4. Vaccinations. While I was ok with Sydney getting a regular flu shot, I'm not so sure how I feel about the H1N1 vaccine. Sydney is not in day care and does not visit a church nursery. She is exposed to other kids sometimes, but it is very limited (mostly it's at home or at church). I know that she is more at risk of contracting the flu from me or John, as we are in constant contact with Very Germy college and high school students. BUT! A new vaccine makes me very nervous. It just came out in October and it seems like everyone who can get it is getting it. Please understand, I am for vaccinations, and I realize this is a very sticky subject. I feel like I have it easy because our pediatrician has two young children. Every time he goes over something with us (at our office visit before vaccinations are coming up he goes through them all with us and explains why he gives them, what they're for … all that), I simply ask him if he gave them to his own children. If he says yes, then I'm fine with it … because if it's good enough for the doctor's kids, it's good enough for mine. Last visit he mentioned the chicken pox vaccine and I was all "What?! Isn't it a rite of passage to get chicken pox?" and he said that kids have been getting vaccinated for chicken pox for a while now. I felt a little unsettled about that, as I had never heard of it. I need to do more research, but all this vaccination talk has me spinning. I live in a liberal state where people are very black and white about issues … I just want to do what's best for my child. This first bout of sickness she had over Halloween weekend really put me into overdrive thinking about it. GOSH WHY DOES PARENTHOOD HAVE TO BE SO HARD!?

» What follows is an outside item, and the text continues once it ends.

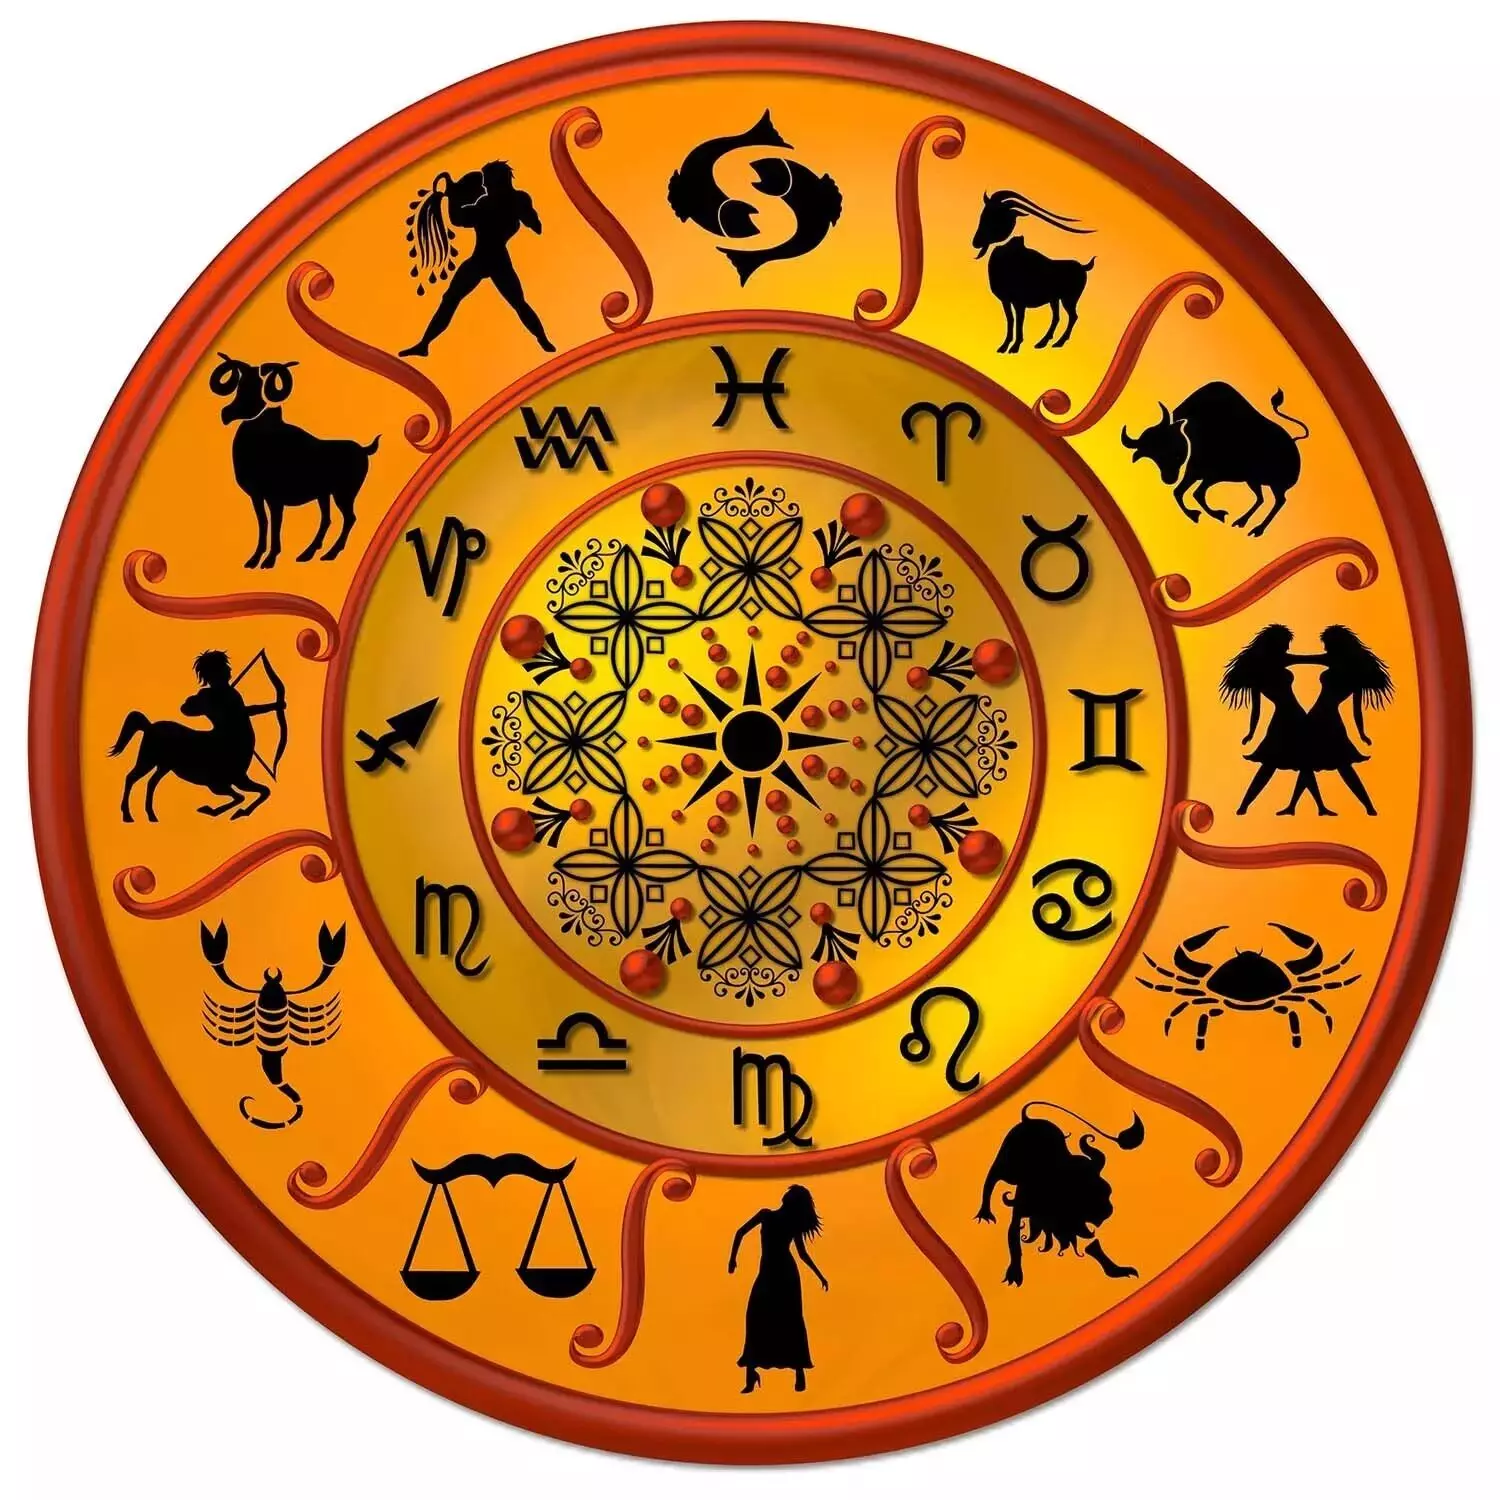 04  Novembar  – Know your todays horoscope

5. This movie. It looks like a heartwarming story in which a privileged family steps outside of their comfort zone to help someone who so desperately needs it in a permanent way. I'm all for that! And yet? I know that it just makes the idea of someone doing such a thing an occurance that "only can happen in movies." It just removes us farther from the concept of actually doing something like this in real life, doesn't it? I mean, what white upper-class family do you know who would welcome a black high school boy into their home? For real? With all his baggage? Also, from the preview? I don't like how the boy's family is portrayed … here is this white, rich, blonde, overbearing southern lady (stereotype) "saving" this young man from his black, uneducated, 40-ounce drinking, subsidized-housing-living, ungrateful biological family (STEREOTYPE) and how they SAVE EACH OTHER. It claims to be based on a true story but I think Hollywood is so guilty of boiling all these stereotypes down to these caricatures that it makes me cringe a little. But also? I really want to see it. I so desperately want to see people who have the means reach out to those who are in their path in real, tangible ways. I want to see people extending "cups of water" in Jesus' name. In ways that change the lives of all parties involved, inconvenience and rejection from the people who are their friends in the world of "the other" be damned. And so you can see how the opening shots where this family stops their car on the side of the road as this boy walks down it alone and freezing cold and does something to help him TOTALLY SUCKS ME IN. ARGHHHH.
Is anyone else doing any fence-riding lately or is it just me?!?